Taken together, we can see all three features of an experiment make extraordinary demands on the skills and power of the researcher and make experiments a very complex form of research.
Blinding
Before moving on, there are two important aspects of control in medical or obstetric research that need to be highlighted, as they are becoming more important in assessing the rigour of those experimental designs with clinical interventions and objectively measured outcomes. These are allocation concealment and blinding. At the start of a study, as individuals are being allocated to the experimental or control group, it is essential that those carrying out the allocation cannot anticipate the group to which the next person will be allocated. This is so they do not tamper with who goes where, on the basis of their knowledge of what the person might receive. Blinding or masking means that those in the study do not know the intervention or treatment an individual has received. This is an attempt to maintain the objectivity of the method by protecting the results from the accusation that they are inaccurate as they have been spoilt or compromised by poor design.

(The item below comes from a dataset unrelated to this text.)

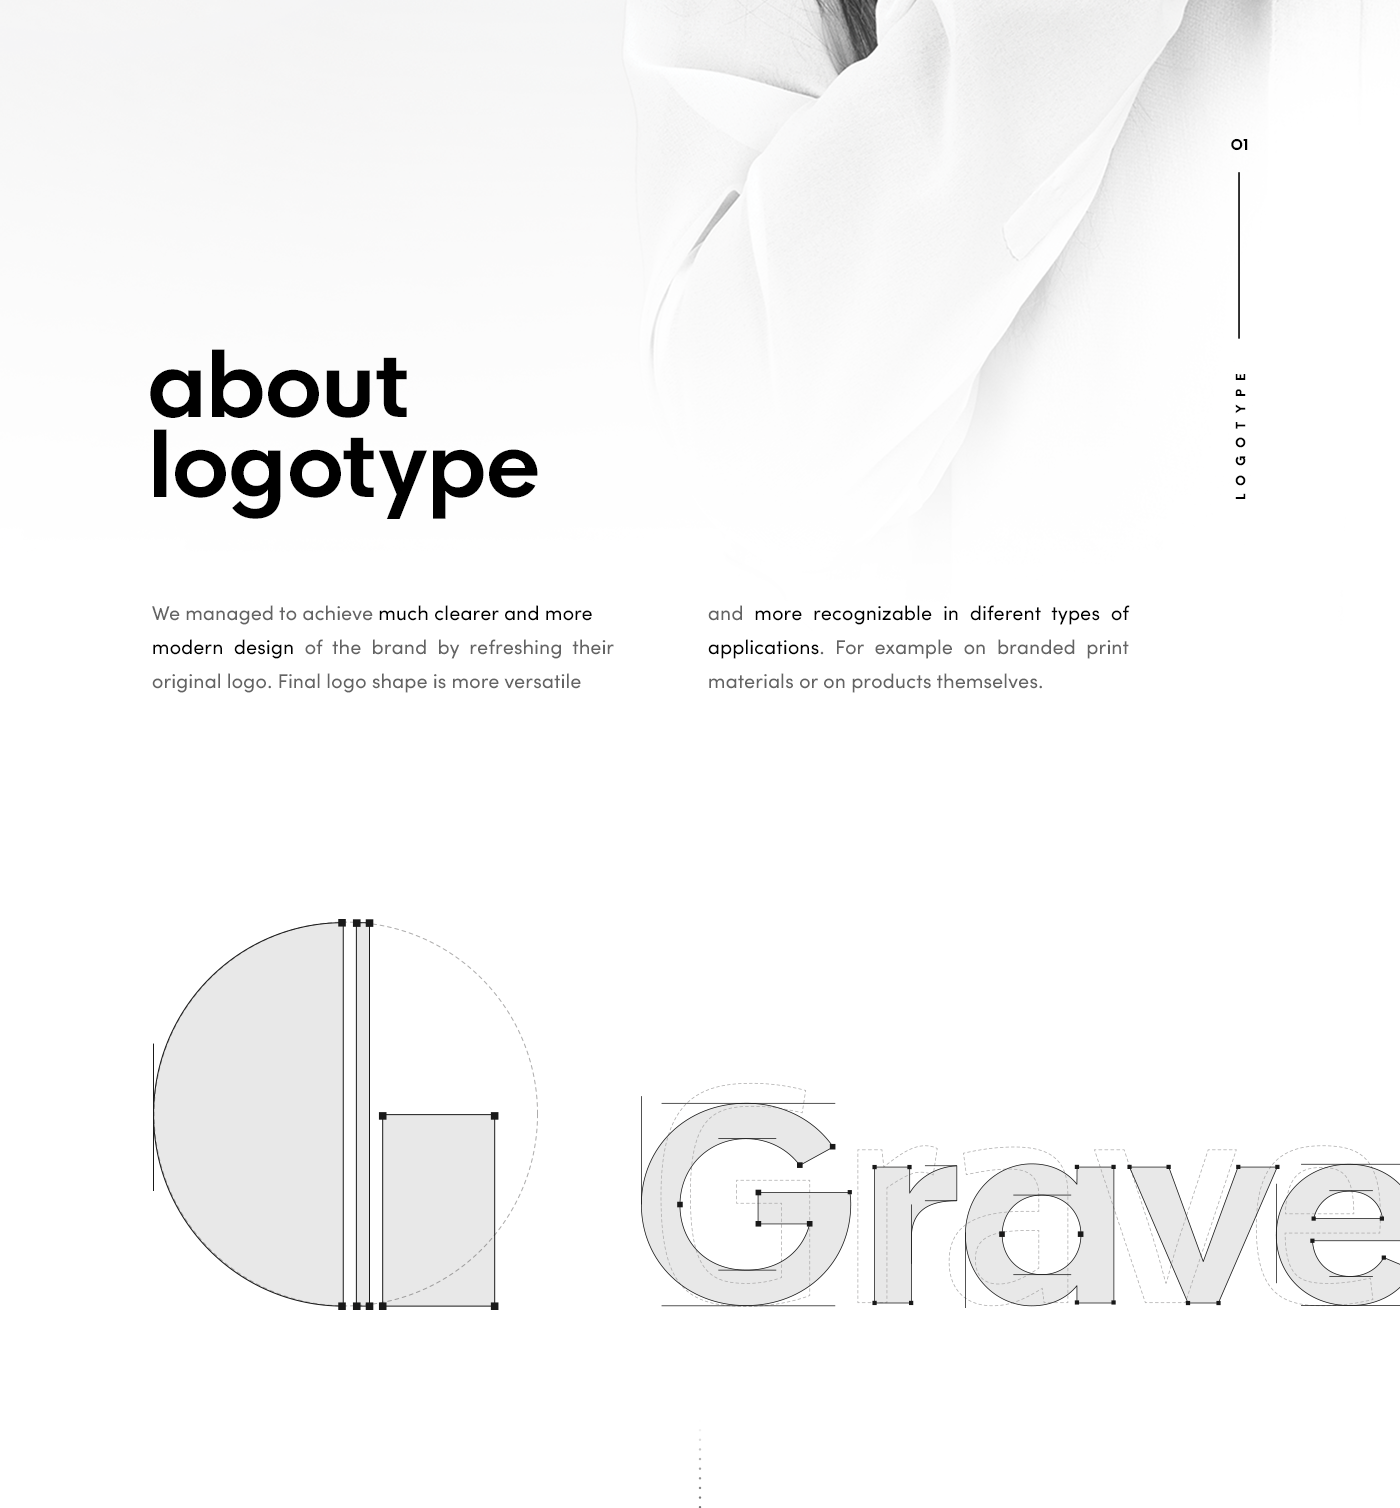 ux/ui Webdesign branding  motion art direction  concrete product design  graphic design  Corporate Identity gravelli

Using sealed envelopes so that it is not possible to anticipate the allocation until the envelope has been opened is frequently used in clinical trials to avoid the problem of allocation concealment. Blinding is more complicated and involves more people, as the risk of bias can come from several sources. It involves the risk of people acting differently if they know to which group the individual has been allocated during the course of a clinical trial. Smith (2008) suggests that if masking is not carried out adequately there is an increased chance that measurement estimates can be subconsciously raised in favour of the experimental intervention. Single blinding is where either the person receiving an intervention or the person measuring the outcome is shielded from knowing whether the individual was in the experimental or control group. Double blinding is where both the study individual and those providing care or measuring the outcome are unaware to which group the individual was allocated.